Part of the reason for this is that big data technology continues to mature. Yet it is also the case that, even as big data technology “grows-up”, economically it is still hard to build a business case that justifies investment in the massive amount of expensive storage area network (SAN) or network attached storage (NAS) legacy storage infrastructure needed to support mainstream big data applications.

Turning to non-traditional, storage infrastructure causes its own problems because this non-traditional infrastructure lacks the data management, governance and protection mechanisms needed for mainstream business applications.

>See also: How big is big data – and what can I do with it?

These two economic and technical challenges – high traditional infrastructure costs and non-traditional infrastructure’s weak data management capabilities – are preventing big data from truly realising its full potential.

If big data is to truly become big in the enterprise, enterprises will need to use a data-centric, distributed architecture for their big data applications. Only by using this type of architecture will they be able to secure the economics, agility, performance and reliability they need to support mainstream big data applications.

When enterprises first approached big data, they tried to use their existing legacy infrastructure architectures to support it. What they soon found was that big data had big storage requirements, and that using legacy storage infrastructure architectures’ expensive SAN, NAS and other technologies for these applications would be cost-prohibitive.

The data scientists in the backroom therefore turned to non-traditional storage infrastructure architectures – usually architectures that use direct attached storage (DAS) on commodity hardware with some simple “storage code” written into the big data database or data service.

This non-traditional architecture is much more economical than legacy infrastructure architectures because all enterprises need to purchase is the server – and for smaller, non-mainstream big data applications, this approach can work.

But when enterprises then try to move big data from the backroom to mainstream production environments, the data management drawbacks associated with this architecture rear their ugly heads.

For example, DAS storage infrastructure architecture lacks the data management, governance and protection mechanisms need to make it secure, available and reliable. As they move big data from the backroom to production, enterprises soon find themselves dealing with wide variety of data types and data services, with practically every application a “composite” of other applications.

DAS storage infrastructure architecture lacks the flexibility and control to deal with all these different data types and data services.

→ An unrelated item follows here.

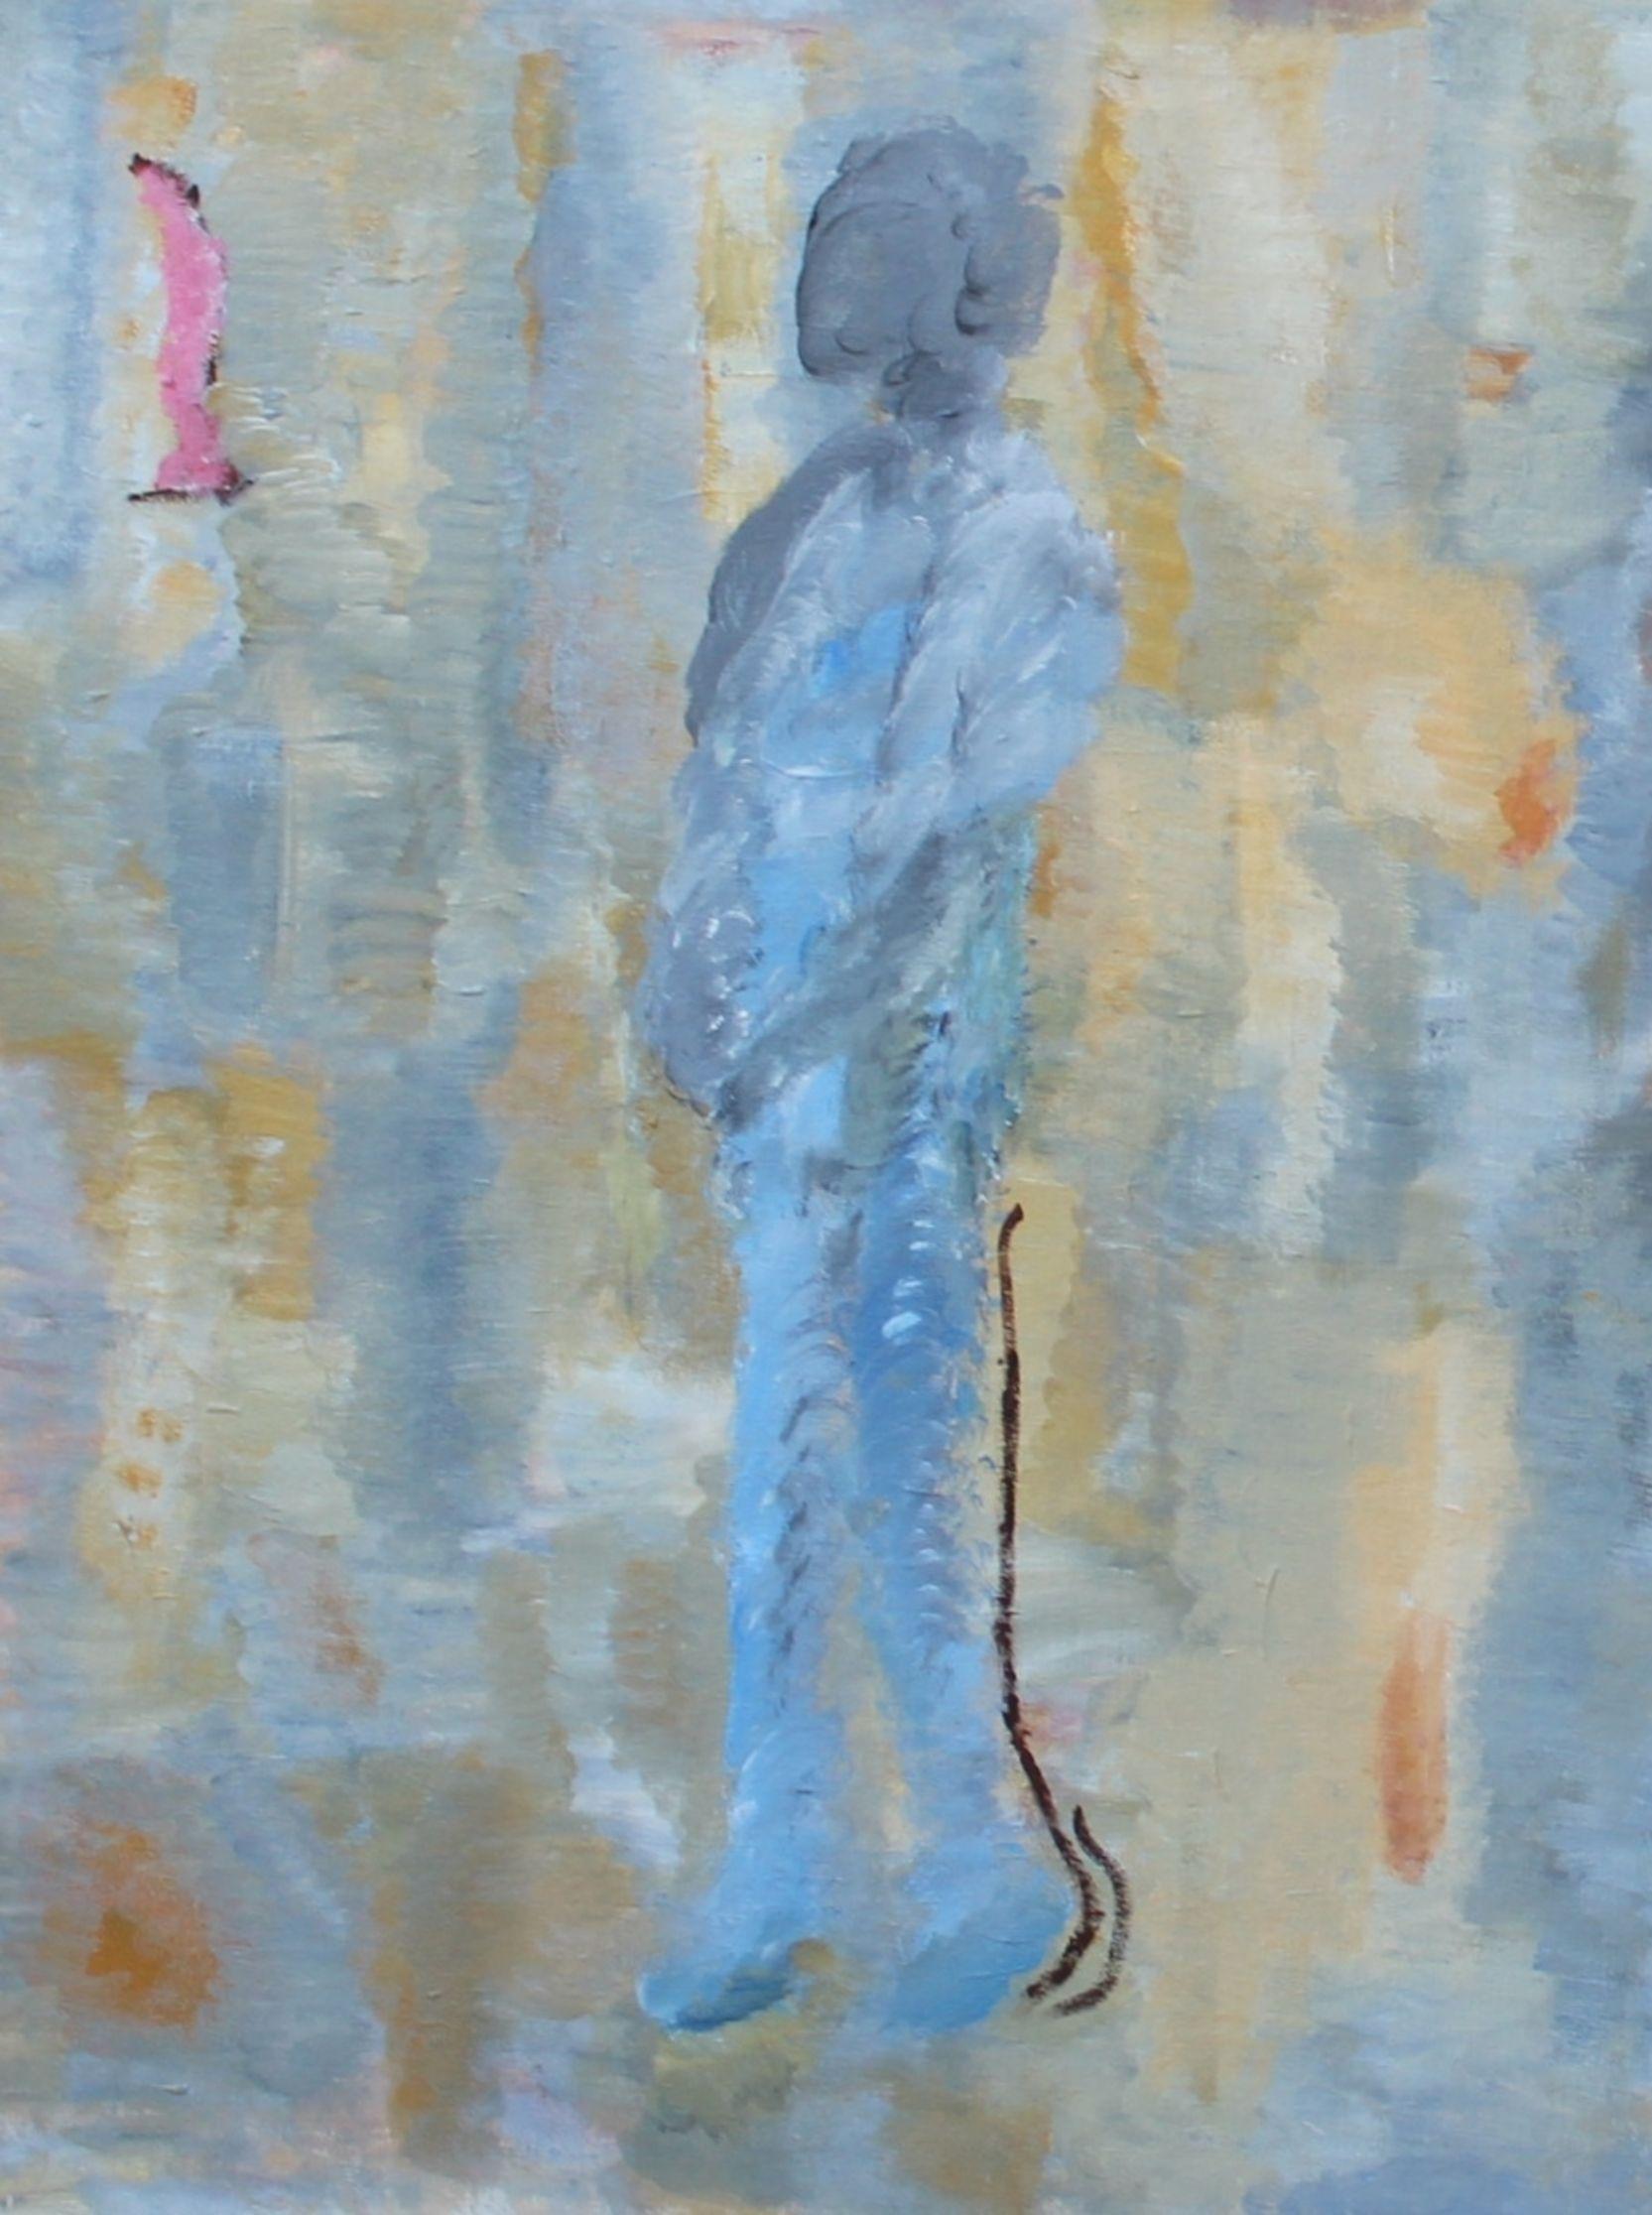 this painting is done on a canvas panel in a post-impressionist way. I have abstracted the figure as a fleeting image, purposely providing no details. I believe that this is not an easy thing to do, ( unless you got some inspiration), especially

Moreover, when enterprises’ employees and customers begin actually using the applications on an ongoing basis, enterprises soon find that they need management tools to ensure that data is backed up, secure and only accessed by the right people. And with a DAS storage infrastructure architecture, doing this is time-consuming and difficult, if not impossible.

As a result, enterprises soon discover that their big data applications are unable to reliably deliver the performance and availability needed for broad deployment to employees, partners and customers.

In addition, while DAS storage architecture might support smaller-scale projects, it does not have the data management capabilities needed for a production level DevOps model.

DevOps teams need to be able to build, test, validate and release new code on a continuous basis, which means that they need to be able to use real-time production data in their test environments.

But a DAS storage infrastructure architecture cannot efficiently create snapshots of production data, nor is it easy for it to clone this production data for test environments. Infrastructure costs climb as enterprises find that they need to not only create separate infrastructure for their test environments, but also buy or build tools to continuously migrate their data.

Non-traditional architecture does not just lack the data management tools needed to deliver big data applications to the entire enterprise – it also lacks the tools needed by DevOps teams if new big data applications are going to be developed, updated or refined on an ongoing basis.

Given the failure of both traditional legacy storage infrastructure architecture and non-traditional DAS storage infrastructure architecture to support mainstream big data applications, is it possible for enterprises to truly realise the promise of big data?

It is. Data-centric, software-defined storage infrastructure (the same type of architecture used by AWS and other major public cloud service providers) offers enterprises a cost-effective way to deploy big data applications with the economics, agility, performance and reliability needed for mainstream applications.

>See also: Top 8 trends for big data in 2016

A software-defined infrastructure enables enterprises to use commodity storage hardware, and avoid the high-costs of legacy storage infrastructure technologies. Moreover, by adding a virtual data layer between the data users (databases, applications and data services) and the data storage (flash, disk, and other storage media), enterprises have a unified, transparent data management system for both controlling performance and for provisioning, managing, replicating and sharing data.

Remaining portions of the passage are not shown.